The frequency of a photon can be found using the wavelength of the photon: $$c = f\lambda$$

Where:

• (c) is the speed of light.

The energy of the photon is also equal to the difference in energy between the two states: $$E = E_3 - E_1$$

Where:

• (E_3) is the energy of the n = 3 state.
• (E_1) is the energy of the ground state.

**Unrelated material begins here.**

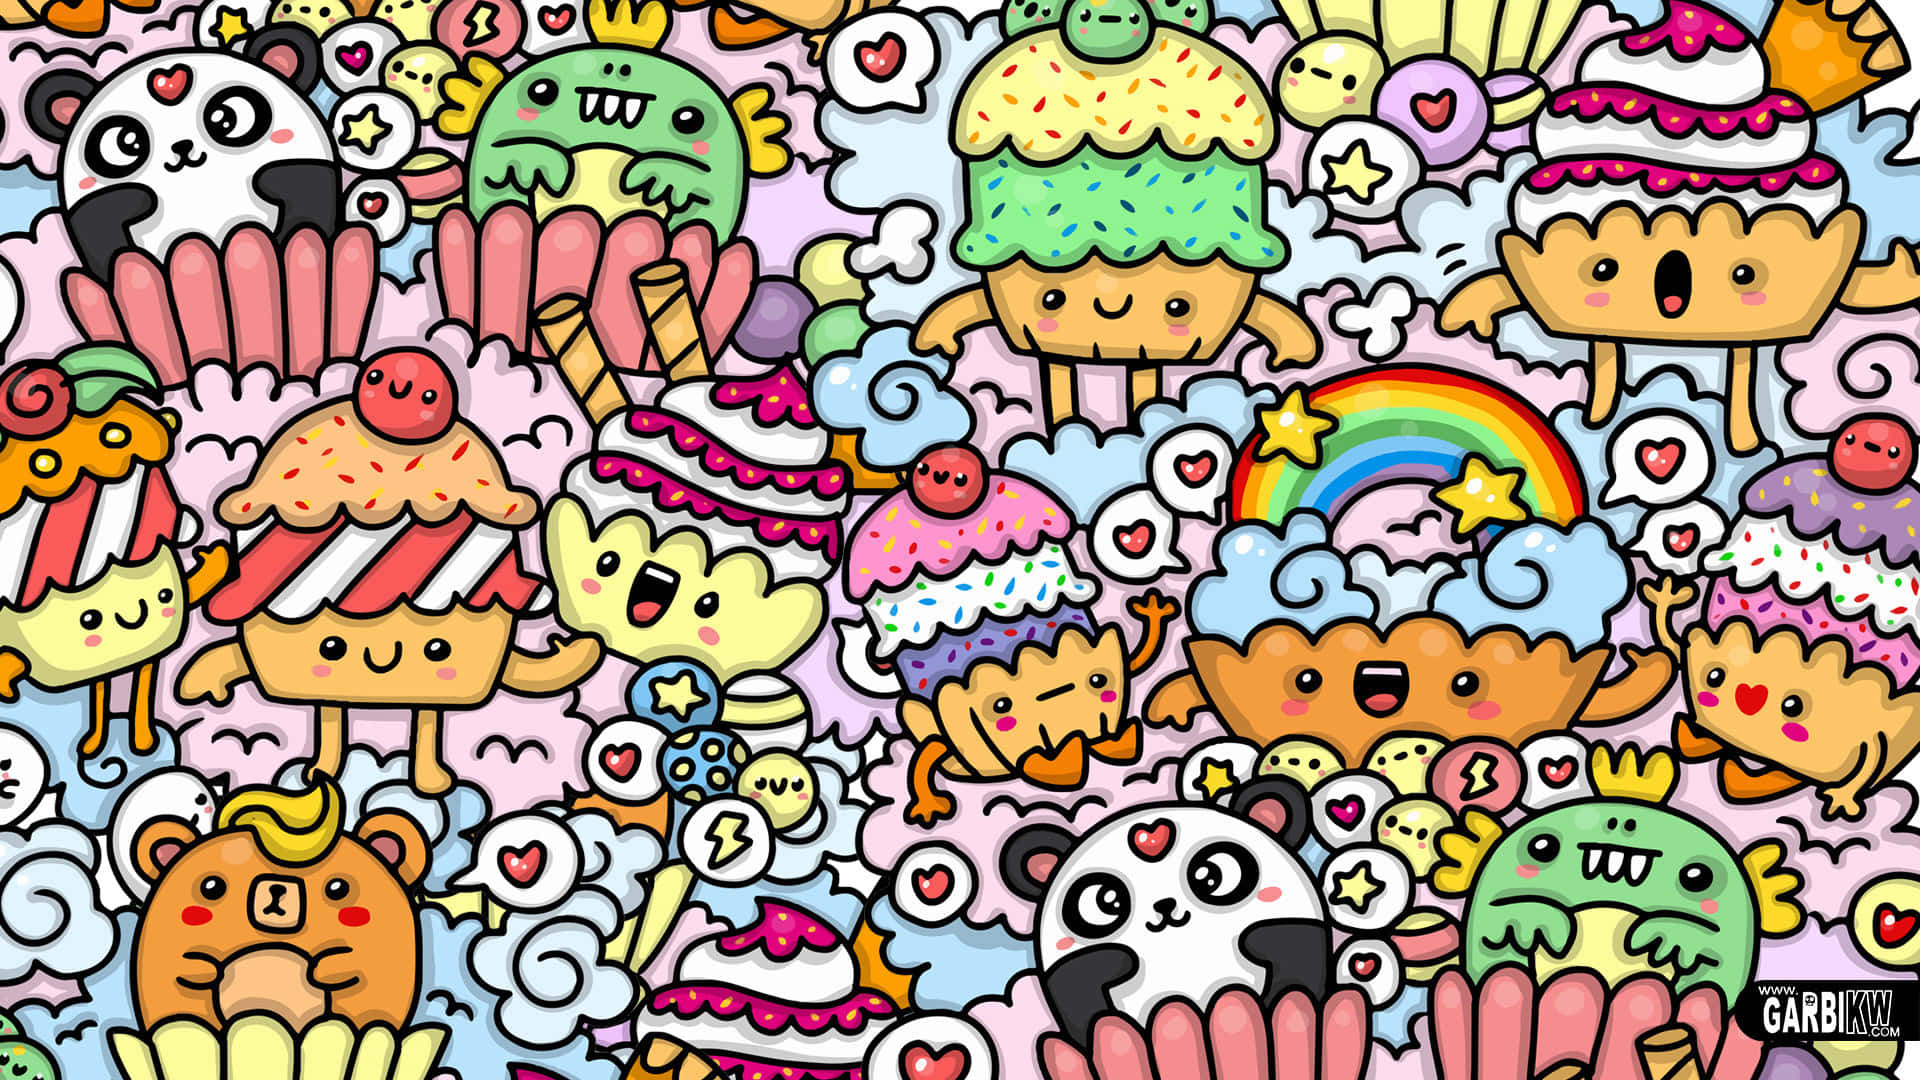 Imagende Arte De Cupcakes Doodle

The energies of the states of a hydrogen atom are given by: $$E_n = \frac{-13.6 \text{ eV}}{n^2}$$

Where:

• (n) is the principal quantum number.

Substituting the given values, we get: $$E = -13.6 \text{ eV} \left(\frac{1}{3^2} - \frac{1}{1^2}\right)$$ $$E = 10.2 \text{ eV}$$

The wavelength of the photon is then: $$\lambda = \frac{hc}{E}$$

$$\lambda=\frac{(6.626\times10^{-34})(3\times10^8)}{10.2\times1.6\times10^{-19}}$$

$$=656\times10^{-9}=656\space nm$$

$$=656\space nm$$ 4. A helium atom has two electrons in the n = 1 state and two electrons in the n = 2 state. The energy of the helium atom is:

Shortcut: The energy of a helium atom can be calculated by adding the energies of the two electrons in the n = 1 state and the two electrons in the n = 2 state. The energy of an electron in the n = 1 or 2 state is given by the formula: $$E_n=-\frac{13.6}{n^2}\space eV$$ The total energy for the n= 1 and n = 2 states becomes: $$E_1=2\times\left ( \frac{-13.6}{1^2} \right )=-27.2\space eV$$ $$E_2=2\times \left ( \frac{-13.6}{2^2} \right )=-6.8\space eV$$ Adding both the energy, we get,

$$E=27.2-6.8=-19.4\space eV$$

Since helium has 2 electrons so, the energy will be doubled $$E=2\times(-19.4)=-38.8\space eV$$ Therefore, the energy of the helium atom is $$-38.8 \space eV$$.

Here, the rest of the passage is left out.